Продолжая работать руками и ногами, начал пробираться вверх, стараясь не думать о комичности своего положения. Почему-то вспомнилась басня о лягушке, взбившей молоко в масло, чтобы выбраться из кувшина.
Наполненный необъяснимой силой, я, наконец, отбросил в сторону последний ком земли и кожей ощутил прохладный ветерок. Рассмеявшись сквозь слёзы, сделал ещё несколько неловких гребков, подтянулся и вцепился пальцами в землю на поверхности.
Ещё немного, ещё совсем немного…
Зарычав, я подтянулся и выбрался из могилы.
Из горла вырвался истеричный смех, гомерический хохот, столь неуместный в моём положении.

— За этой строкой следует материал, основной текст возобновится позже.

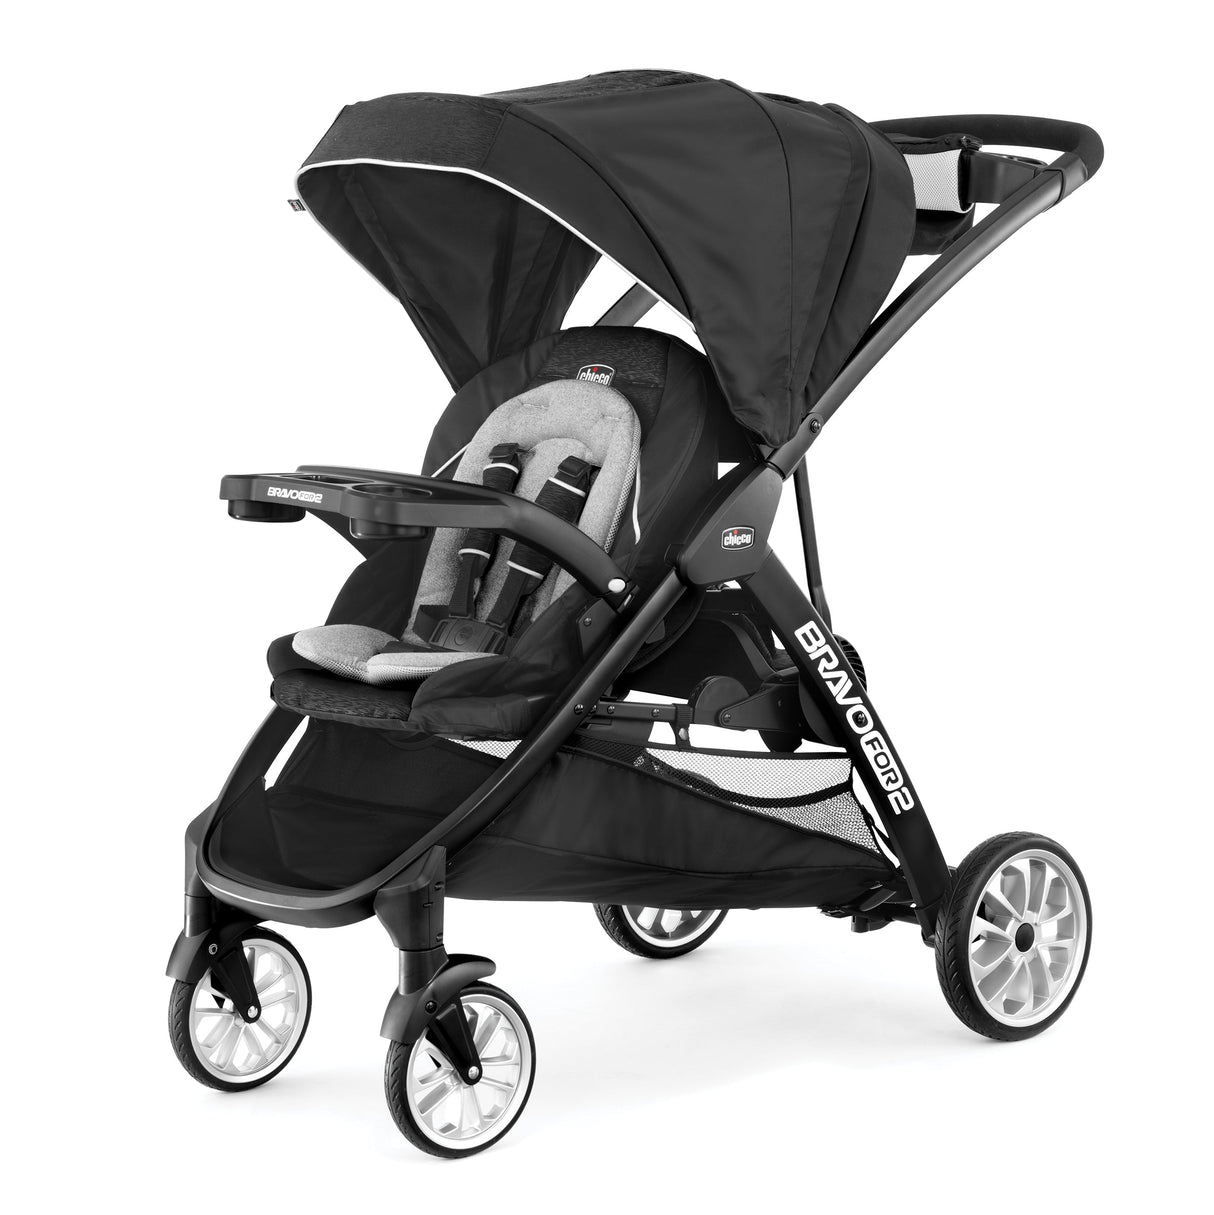 BravoFor2 LE Standing/Sitting Double Stroller in Crux Travel System by MamasUncut Store

Отсмеявшись, я перевернулся на спину, стащил с головы рубашку и уставился в тёмное небо, частично заслонённое от меня деревьями.
Я жив. Всё ещё жив.
Встав, я подошёл к могиле и поёжился – сомнений нет, Охотники меня похоронили. Только зачем, интересно, они воткнули палку вместо креста и повесили на неё венок? Им стоит научиться скрывать свои преступления.
Рубашка безнадёжно испорчена, но лучше выйти к людям в грязной одежде, чем совсем без неё.
Застёгивая пуговицы, я обнаружил на перемазанной грязью ткани кровавые разводы. Озабоченно ощупав себя, заключил, что ран на мне нет, так что, если это действительно кровь, то она не моя. Тогда чья? Что вообще произошло в подвале?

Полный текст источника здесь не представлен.